France's National Commission on Informatics and Liberty (CNIL) ruled on 8th October 2020 that it was illegal to store personal health data of EU residents on any cloud operated by a US company or by a European company with business in the US:



Unlike Tik Tok in the US or Facebook in China, US clouds are not banned in the EU. However, using US clouds to process or store personal data of EU residents could be illegal. Using EU clouds submitted to US laws to process or store personal data of EU residents could also be illegal.

This situation is a direct consequence of the "Shrems II" ruling by the Court of Justice of the European Union (CJEU), an equivalent in EU of the US Supreme Court, which applies to all EU.


France's CNIL had thus to apply "Shrems II" ruling in its decision. Currently, EU residents have no appeal if US authorities remotely access their personal data stored in EU through legal enforcement laws such as CLOUD Act, FISA and Executive Order 12333.

CNIL suggests that in order to preserve fundamental liberties, personal health data should be stored on a cloud operated in Europe by juridical entities that are completely independent of any business activity in the US. CNIL suggests technology licensing approaches for US clouds to operate legally in EU whenever personal data of EU citizens needs to be stored.

Even though CNIL does not say anything about it, the same legal reasoning could apply to other sensitive personal data.

Conseil d'Etat (an equivalent in France of US Supreme Court) confirms in its decision that it is imposible for French government to control unsolicited access by US goverment to personal data stored on US clouds or on clouds subject to US law. Conseil d'Etat confirms that new projects involving personal health data must not use US clouds or clouds subject to US law.


It is very likely that similar decision would be taken by CNIL for personal data stored on a Chinese cloud provider for similar reasons realted to China Internet Security Law of 2016.

Understanding the reasoning behind the ruling

Let us consider the following parties

Parties in presence
Letter Name
K An EU resident
X A company or government using services of Y to store data of K
Y A cloud company with business activity in EU and in country Z
Z A country outside EU with some extra-territorial law

Because country Z can request to Y personal data of K stored by X on the cloud of Y, and because K can not appeal against this request of Z, and because Y can not refuse the request of Z due to its presence in Z and some extra-territorial law, then fundamental rights of K are violated.

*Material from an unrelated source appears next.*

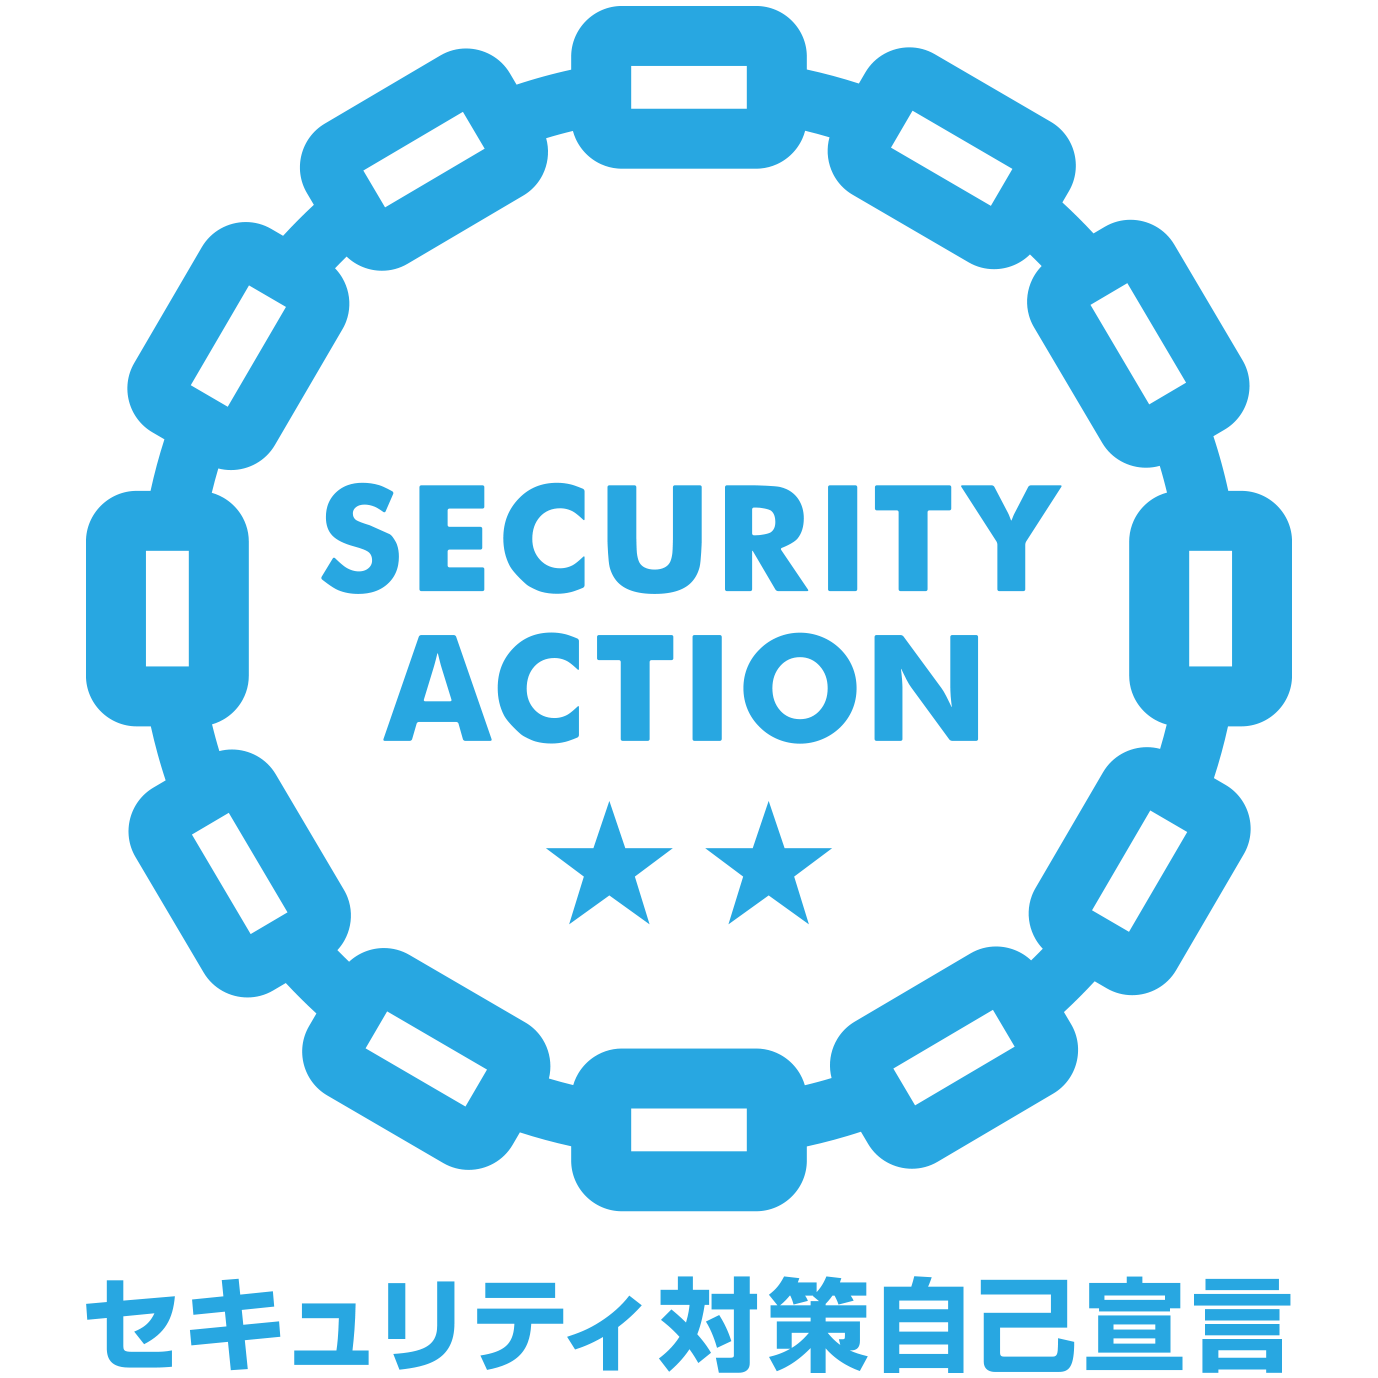 SecurityAction

In application of proportionality principle and if X stores a lot of sensitive personal data, X is reponsible of this situation and should thus stop using Y. It does not matter whether data of K is stored inside EU or outside EU.

Practical mitigation

It is safe to consider that in order to avoid any litigation risk, companies which store personal data of EU residents on the cloud and especially sensitive personal data should migrate to a cloud provider which is not submitted to CLOUD Act, FISA, Executive Order 12333 or possibly China Internet Security Law.

If personal data is not encrypted, it is safe to store it on servers:

  • located inside EU, to ensure the absence of foreign jurisdiction;
  • controlled by an "independent" EU company.

Here are some examples of "independent" EU companies:

  • an EU company with a majority of EU stockholders and no business in US or China;
  • an EU company with a majority of EU stockholders and which business in US or China is operated through a subsidiary with an independent governance.

This second example still needs to be confirmed.

If personal data is encrypted, personal data could be stored on servers outside EU in certain cases as long as encryption keys used to access personal data of EU residents do not fall under the control of US or Chinese Law.


One should note that any cloud service which does not have access to personal data does not fall under the scope of CJEU/CNIL decission. An EU company which owns its servers could for example deploy on its own infrastructure a remote orchestration service as long as this remote orchestration service does not have access to personal data on the servers and does not itself store personal data.

Legal evolution

CJEU/CNIL decision will likely be reverted by national court and lead to an appeal at CJEU which will likely confirm the original decision of CNIL.

Consequences of CJEU/CNIL could also evolve if a new Privacy Shield is implemented by EU.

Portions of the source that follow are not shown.